Article-Double trouble: Fatty liver in people with diabetes

Diabetes accelerates the progression of simple fatty liver to more severe liver diseases.

Fatty liver is the accumulation of fat in liver cells, which is otherwise not a normal place for fat storage. Long standing fat in liver can damage the organ in some people and gives rise to fatty liver disease. Fatty liver can arise from excessive alcohol consumption, in that case it is called alcoholic fatty liver disease. But here we are discussing another type of fatty liver disease, which occurs in people who do not consume significant amounts of alcohol. This is called non-alcoholic fatty liver disease and is related to unhealthy lifestyle and excessive body weight (obesity). This is the most common liver disease worldwide. In the U.S., fatty liver disease is the second most common reason for liver transplantation.

What is the connection between fatty liver and diabetes?

Diabetes is another disease that is linked to unhealthy lifestyle and obesity. That is the reason fatty liver is strongly related to diabetes as well. Not only this, diabetes accelerates the progression of simple fatty liver to more severe liver diseases such as inflammation of liver (technically called non-alcoholic steatohepatitis, NASH), fibrosis, cirrhosis (scarring of liver) and even liver cancer in some patients. These are the long-term liver-related consequences of fatty liver disease.

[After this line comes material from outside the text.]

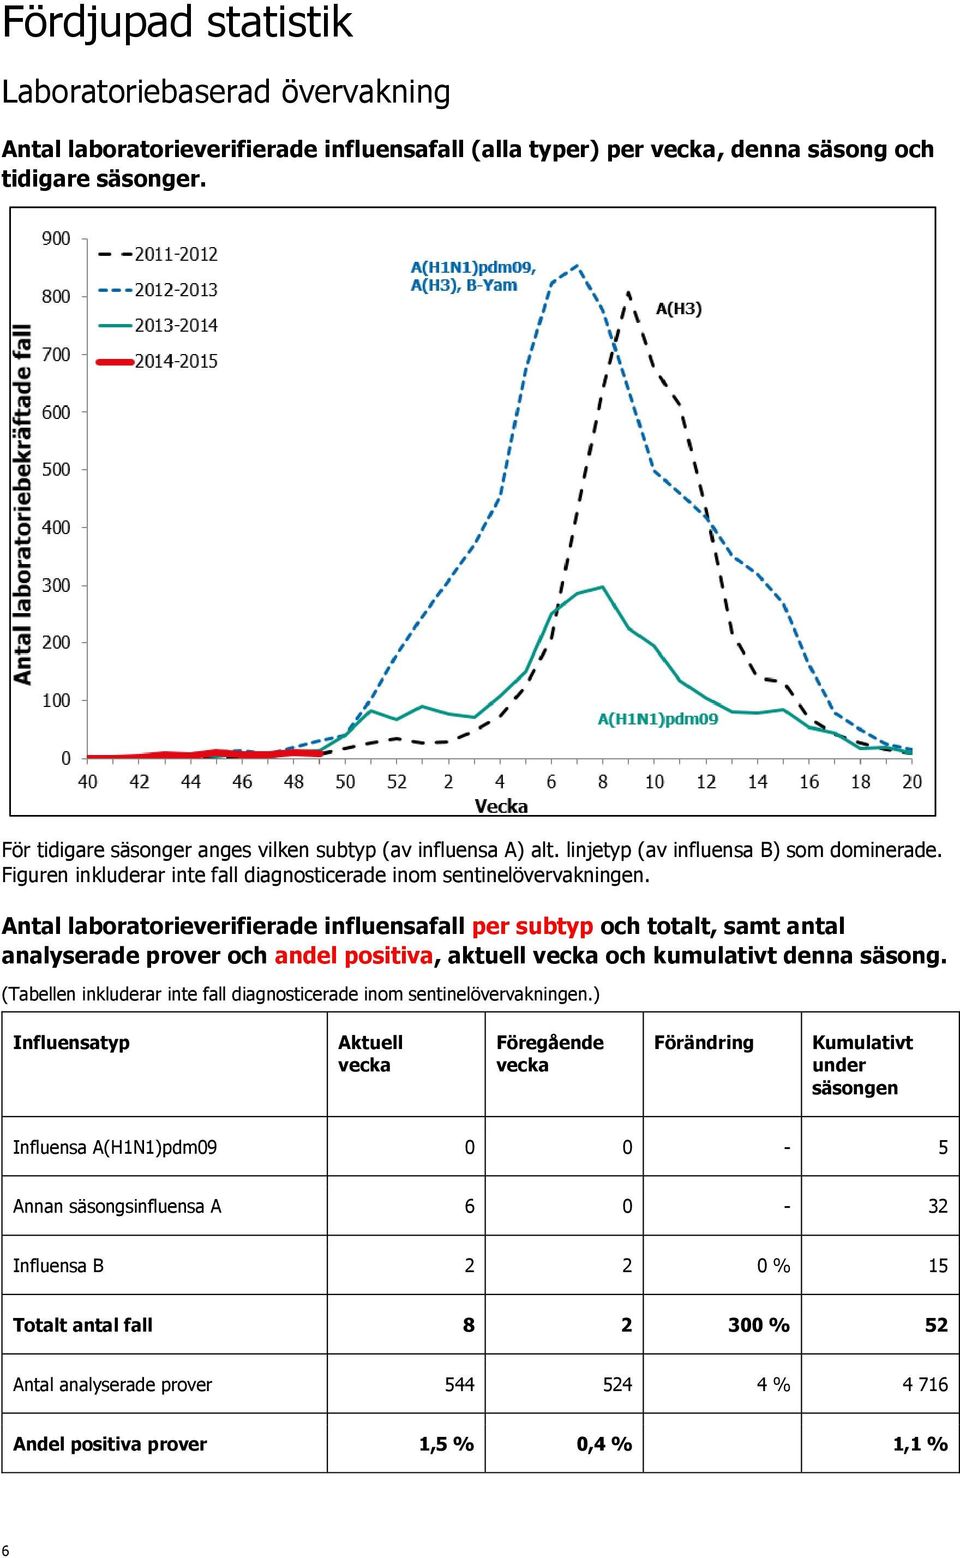 Antal laboratorieverifierade influensafall per subtyp och totalt, samt antal analyserade prover och andel positiva, aktuell och kumulativt denna säsong.

Fatty liver individuals who have progressed to fibrosis stage are more prone to develop cardiovascular disease (heart attack and stroke) and chronic kidney disease. These are the long-term non-liver-related consequences of fatty liver disease.

How common is fatty liver in diabetes patients?

Fatty liver disease in patients with diabetes is a public health problem. Let’s see the burden of this disease in India. There are more than 72.9 million individuals living with diabetes in India (IDF 2019 data). Among these individuals, 60-70 per cent, that is approximately 50 million, have fatty liver disease. Twenty-five per cent of 50 million individuals, that is 12.5 million, have inflammation of liver (NASH). Among these NASH patients, 1.25 million have cirrhosis (scarring of liver) without significant symptoms. Among these cirrhosis patients, 375,000 patients have decompensated cirrhosis, that is with bleeding through mouth, water retention in the abdominal cavity (ascites) and other liver-related symptoms. Seven per cent of this population, that is 87,500, have liver cancer. The worst thing is that most of these patients remain undiagnosed till they develop severe complications. This is because we have no nationwide screening programme for this condition.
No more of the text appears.